Domain Expert Γ AI-Assisted Development
I build tools the way a production artist would - starting from the friction I feel in the actual work, not from a feature list. Years in the pipeline tell me exactly what to build and whether the result is genuinely right; AI-assisted development is what lets me ship it.
Turned hours of manual, error-prone asset auditing into instant, visual, confident optimization - adopted by the entire VFX discipline.
VFX artists spend a meaningful slice of every production cycle on work that has nothing to do with the actual craft: figuring out what an effect depends on and how expensive it is. Before the tool, that work was entirely manual.
Hunting through deep folder trees to find the textures, meshes, and sub-systems an effect referenced.
Opening files one at a time to trace what pointed to what, with no reliable way to know if an asset was still in use.
No direct line of sight into which assets were driving an effect over budget - optimization was reactive and imprecise.
Making a change, rebuilding, and re-checking by eye, then repeating until the numbers looked acceptable.

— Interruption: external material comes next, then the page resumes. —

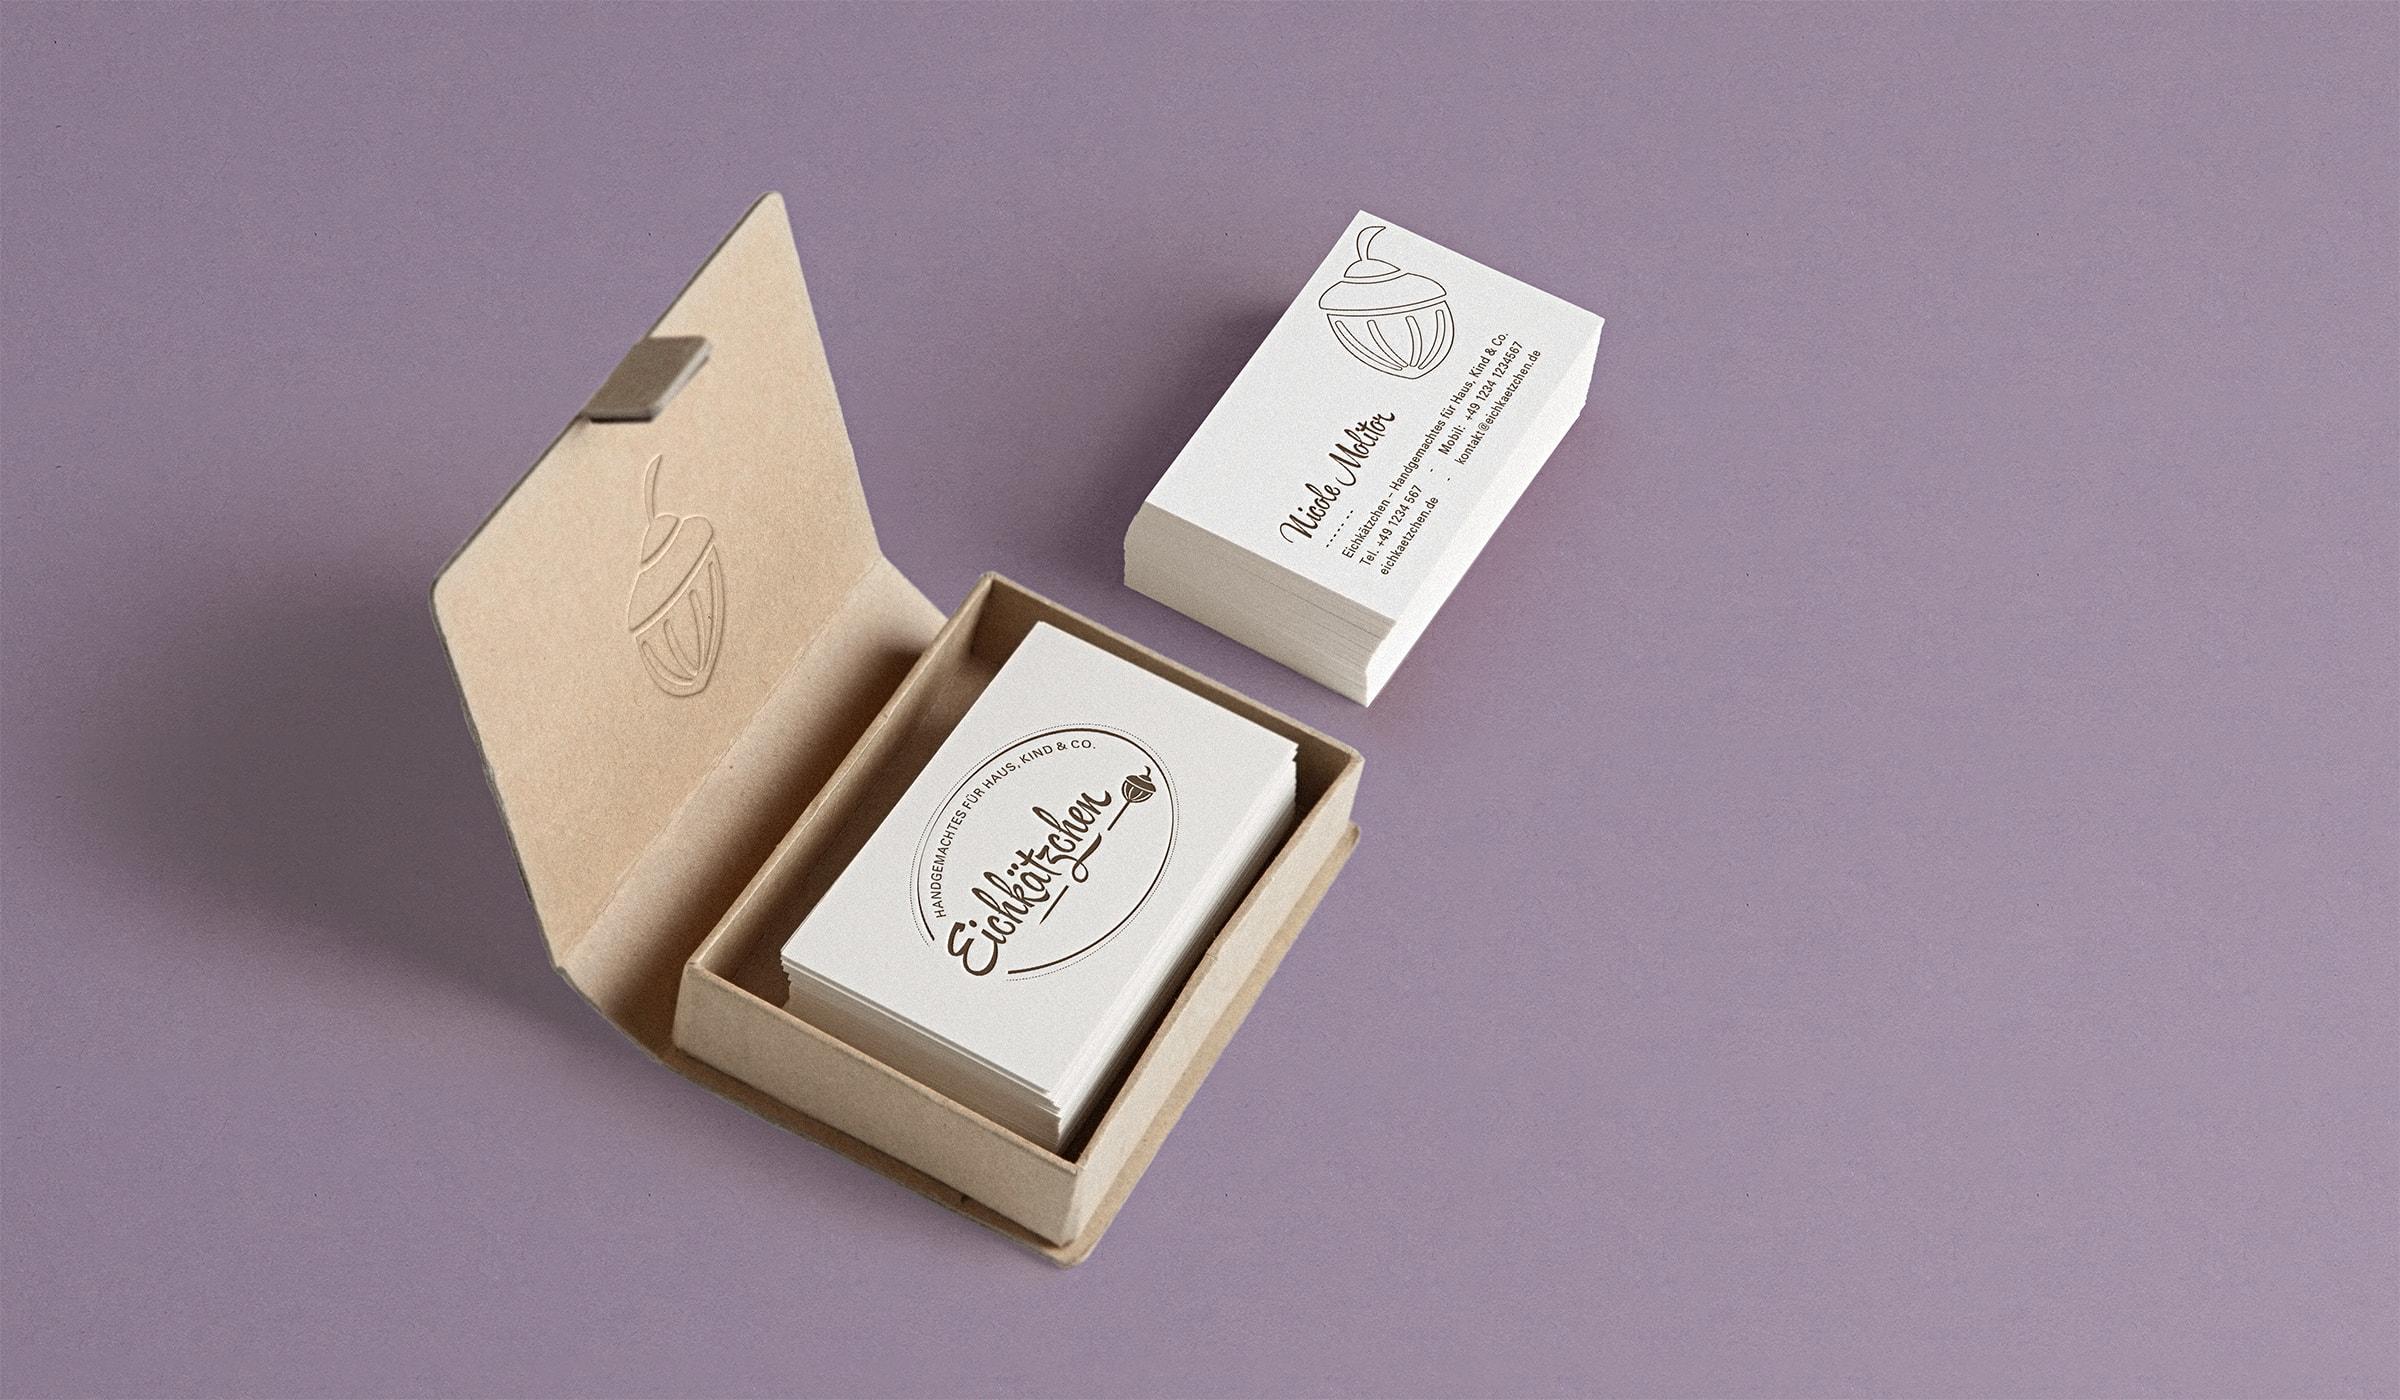 Das Corporate Design für das Kreativteam folgt der Brand Identity und zeigt sich nachhaltig, gedruckt auf zu 100% recyceltes Papier. Die Visitenkarten folgen dem Designkonzept. Die Brand Identity wurde durch die Designagentur mieker - Konzept Design Strategie konzipiert. Die Markenentwicklung umfasst: Kommunikationsdesign, Grafikdesign, Branding, Brand- und Corporate Design, Namensentwicklung und Logodesign, Label Design, Keyvisuals, Etiketten, Tragetaschen, Visitenkarten, Werbemittel, Werbung. Regionen: Hermeskeil, Hochwald, Saarbrücken, Trier, Luxembourg, Koblenz, Bonn, Köln, Mannheim.

The cost to production was real. Optimization passes - a routine, recurring part of shipping effects under a memory budget - became a tax on the whole discipline. Effects shipped heavier than they needed to, and cleanup of unused assets was inconsistent.
Identifying the opportunity. The insight came from production experience, not from a feature request. Doing the optimization work myself, repeatedly, made the pattern obvious: the bottleneck wasn't the decision to optimize - artists knew how to make effects cheaper - it was the information gathering required before any decision could be made.
Designing around the artist workflow. I mapped the real day-to-day path an artist takes through an effect: open the system, find its emitters, trace each emitter to its meshes and textures, check whether those assets were shared or unique, and estimate the weight. The tool was designed to mirror that mental model rather than impose a new one.
Why AI-assisted development was the right call. The problem was well understood by exactly one kind of person - someone who lives in the production workflow. AI-assisted development closed that gap: it let the person with the domain expertise also be the person who ships, without waiting in an engineering queue or losing fidelity through a spec-handoff.
A single desktop application that sits alongside the artist's normal work and answers three questions instantly: what is this asset, what does it cost, and what depends on it?
Browse and search all asset types with visual thumbnails. Finding the right asset is immediate instead of a folder hunt.
Inspect meshes directly in the tool with geometry stats visible - no round-tripping through a heavier application.
See exactly which systems use a given asset, and which assets a system pulls in. Makes it safe to identify and remove genuinely unused assets.
Surface the stats that matter for a memory pass so heavy contributors are obvious. Target the actual cost drivers instead of guessing.
Project-level reporting shows what's used, what's not, and by how much - supporting cleanup at scale, not just one effect at a time.
The workflow shifts from investigate-then-guess-then-verify to see-then-act.
I didn't hand the AI technical specs. I described problems the way an artist experiences them: "I need to see everything this effect depends on." The AI translated intent into implementation.
Conversational and incremental - describe a behavior, get a working version, use it, react, refine. The tool grew through many small, evaluated iterations.
I could look at output and immediately know whether a dependency count was right, whether a stat was meaningful, whether a workflow matched how artists actually work.
I made the higher-level calls - standalone desktop tool, single window, mirror the artist's workflow. The AI filled in the how; the shape was directed by product intent.
AI didn't replace engineering expertise - it made engineering expertise non-blocking for a problem that only a domain expert could correctly specify and validate.
The tool had very easy team adoption that helped us meet very demanding performance optimization goals under strict deadlines.
The information-gathering that used to dominate an optimization pass was largely eliminated, cutting the manual portion roughly in half.
Artists can now identify and fix memory-heavy effects confidently - optimization shifted from a reactive guessing game to a targeted, measurable action.
Time previously lost to manual auditing and bookkeeping went back into actual creative work.
As an early AI adopter, I helped inspire the Engineering team to dive into AI tools after demonstrating this tool, and influenced their own product goals with some of the features I developed.